Einige Zusammenfassungen: Spenglers Buch, Abnahme des Westens, popularisierte die Idee von Vorhersage der Zukunft durch Wissen der letzten Zivilisationen. Seine grundlegende Methode war Analogie. Wenn Zivilisationen jedes gehabte vorhersagbare Lebenszyklen, wir die Zukunft der anwesenden Zivilisation durch Vergleich mit letzten Zivilisationen in dem gleichen Stadium im Zyklus kennen konnten. Das heißt, wenn alle lebenden Geschöpfe schließlich sinken und sterben, laufen wir auch sicher den gleichen Prozess durch. Ein Problem ist unsere Definition der Zivilisation. Wenn eine bestimmte Auffassung von ihr nicht existiert, dann werden keine die zukünftige Änderung entsprechend seinem (nicht vorhandenen) Lebenszyklus. Jedoch können wir mit Recht erwarten, dass die Zukunft nicht der Vergangenheit ähnelt, wenn menschliche Aktivität die Bodenschätze ausschöpft. Toynbee unterstrich, dass die Kreation der Kernwaffen grundlegend die Art des Krieges geändert hat. Es gibt dann keine Sieger oder Verlierer, aber nur Verlierer.

 

Tag 6 „Eine Welt: Der Beitrag der Humanwissenschaften zum ruhigen Anschluss von Menschlichkeit“

Konferenzteilnehmer fragten ab, dass Menschlichkeit in Richtung zu einer allgemeinen Kultur sich bewog. Toynbee beobachtete, dass europäische Erforschung, Eroberung und die Besiedlung, die im 16. Jahrhundert beginnt, eine Hauptursache dieser Tendenz waren, selbst wenn heute nonwestern Völker westliche Hegemonie zurückweisen. Die Ära der regionalen Zivilisationen kommt zu einem Ende, sagte er. Die Wahl ist ist jetzt zwischen zusammenleben in einer Welt oder nicht überhaupt leben. Wissenschaft und Technologie haben zur Einheit der menschlichen Kultur beigetragen. Weniger Fortschritt hat in den Bereichen der Religion, Psychologie stattgefunden und Art. Sorokin sprach vom Übergang von „Ideational“ „zur Sensate“ Kultur. Er sprach vom Missbrauch von Ideational Ideologien in der Menschheitsgeschichte. Noch sagte Sorokin voraus, dass die gegenwärtige Sensate Kultur, dominierende in der Vergangenheit 500 Jahre, zu „einem neuen integralen soziokulturellen Auftrag“ erbrachte, der ein Super-rationales Maß haben würde. Möglicherweise können die Sensate Meister der Wissenschaft und der Technologie die Weise zu einem neuen Verständnis führen, das eine Universalideologie des Geistes stützt.

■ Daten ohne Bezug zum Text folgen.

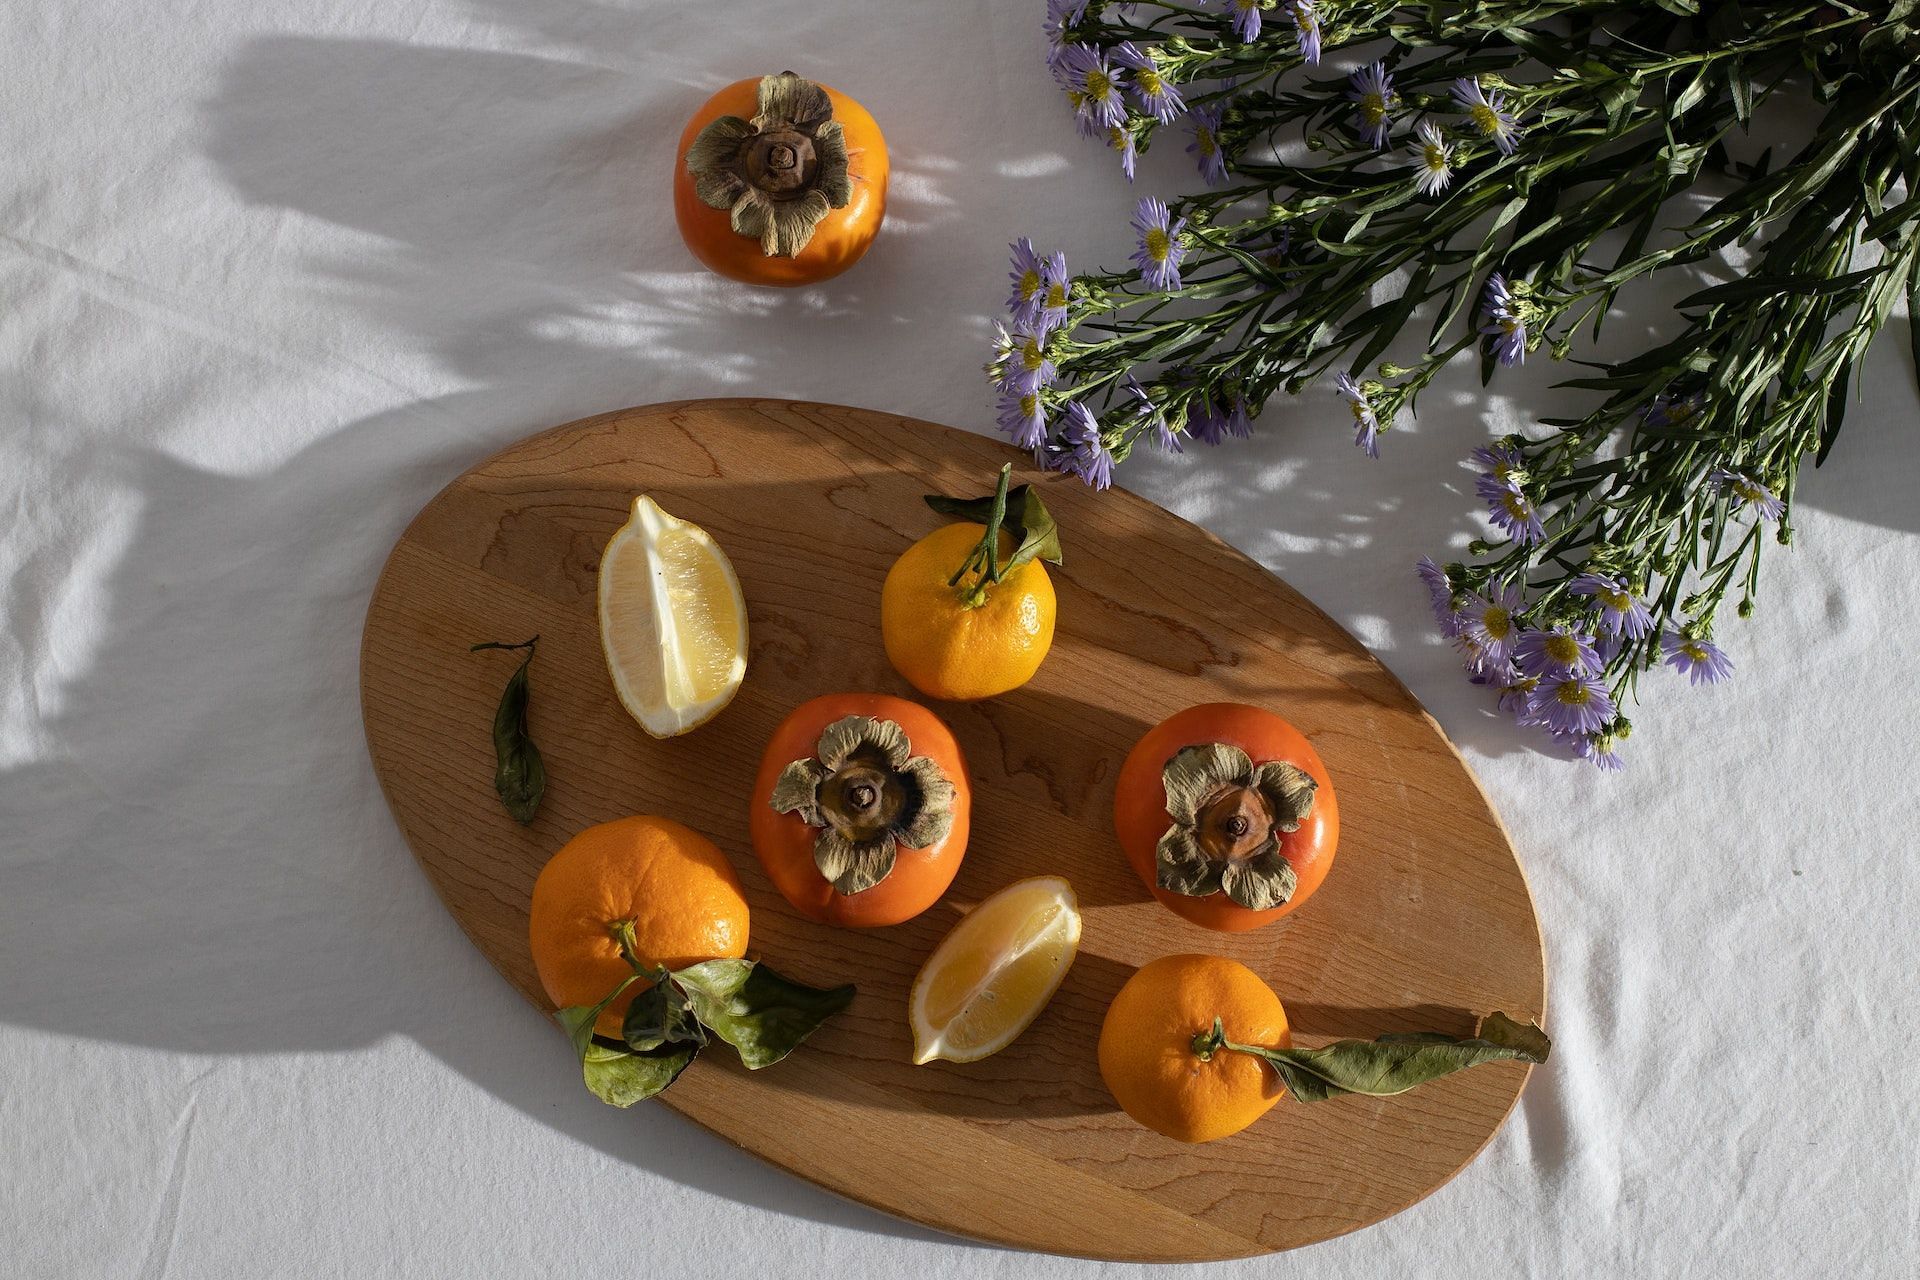 Persimmons are packed with nutrients. (Photo via Pexels/Jill Burrow)

Einige Fragen: Kann menschliche Geistigkeit regionale Unterschiede überschreiten wie die Naturwissenschaften, zu haben erfolgt? Werden objektive Wahrheiten allgemeinhin bestätigt, damit ideologische Unterschiede verschwinden und die Welt ein ruhigerer Platz wird? Was ist sie über gegenwärtige Entwürfe der Religion, die Leute ihrer eigenen parochialen Tradition anhaften lässt?

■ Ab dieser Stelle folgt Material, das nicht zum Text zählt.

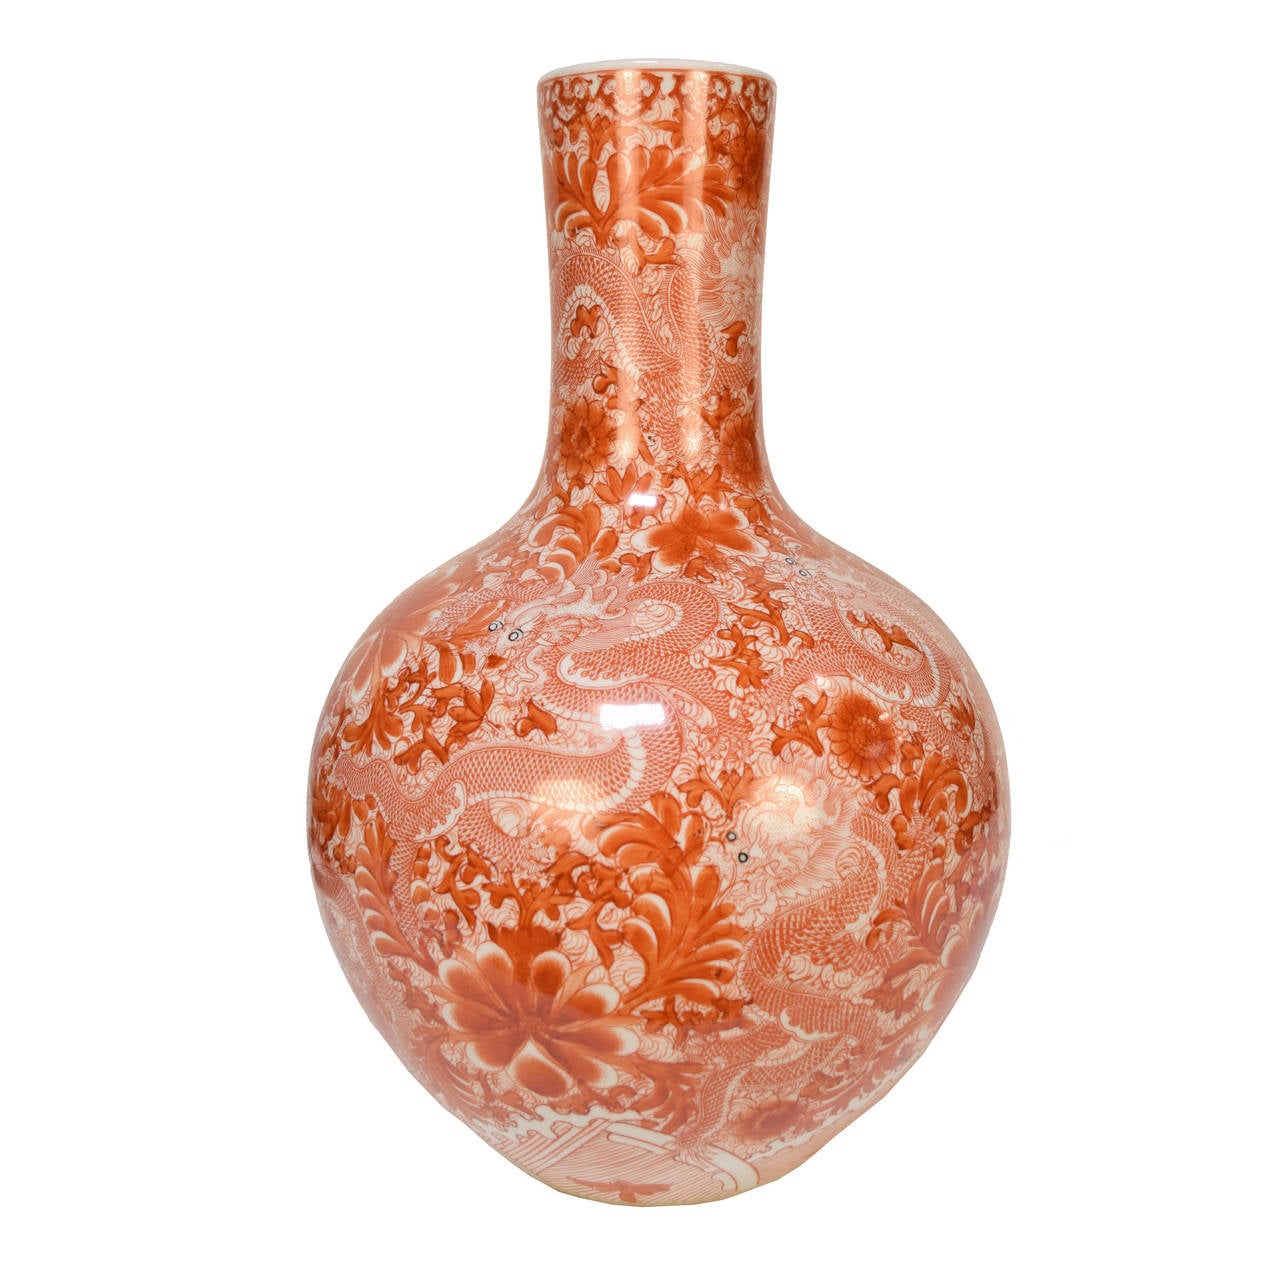 A pair of gooseneck form jars depicting dragons swirling amongst vines from Beijing, China. This beautiful orange color is gained by firing the jars with copper.

                

Einige Zusammenfassungen: Die Naturwissenschaften definieren nicht menschliche Identität, also können verschiedene Gruppen von Personen wissenschaftliche Theorien annehmen, ohne persönlich gekompromittiert zu glauben. Religion drückte ursprünglich die Geistigkeit der Stämme aus. Sogar sind die Weltreligionen, die Universalmitgliedschaft erlauben und anregen, mit bestimmten rassischen oder ethnischen Völkern verbunden geworden. Zum Beispiel wird Christentum in den Fernen Osten als Religion der westlichen Völker, römischer Katholizismus ist die Religion der irischen Leute, protestierendes Christentum ist die Religion der Skandinavier, des etc. gesehen. Weil solche Religion auf Glauben eher als Tatsache basiert, scheint es unmöglich, dass die Ankunft eines neuen Satzes Tatsachen Leuten von ihren örtlich festgelegten Sätzen Glauben und sie abrät, mit den Leuten geistig verbinden folglich zu lassen, die unterschiedlichen Glauben halten. Möglicherweise ist- die Lösung zur Schaffung einer eine Weltkultur, damit Leute in zunehmendem Maße sich wenden an alternative Quellen der Geistigkeit bei die alten, teilenden Religionen nicht ausdrücklich zurückweisen. Möglicherweise ist die Lösung, einen neuen Rahmen der Identität zu entwickeln, die Einzelpersonen erlaubt, beide Bürger ihrer eigenen Nation und Bürger der Welt zu sein.

 

Zusätzliche Beobachtung: Die Bibel berichtet, dass Gott am 7. Tag stillstand, nachdem er die natürliche Welt hergestellt hatte. Die hervorragenden Gelehrten der Zivilisation, die die siebentägige Sitzung in Salzburg sich sorgten, standen mitten in der Konferenz, am Donnerstag still.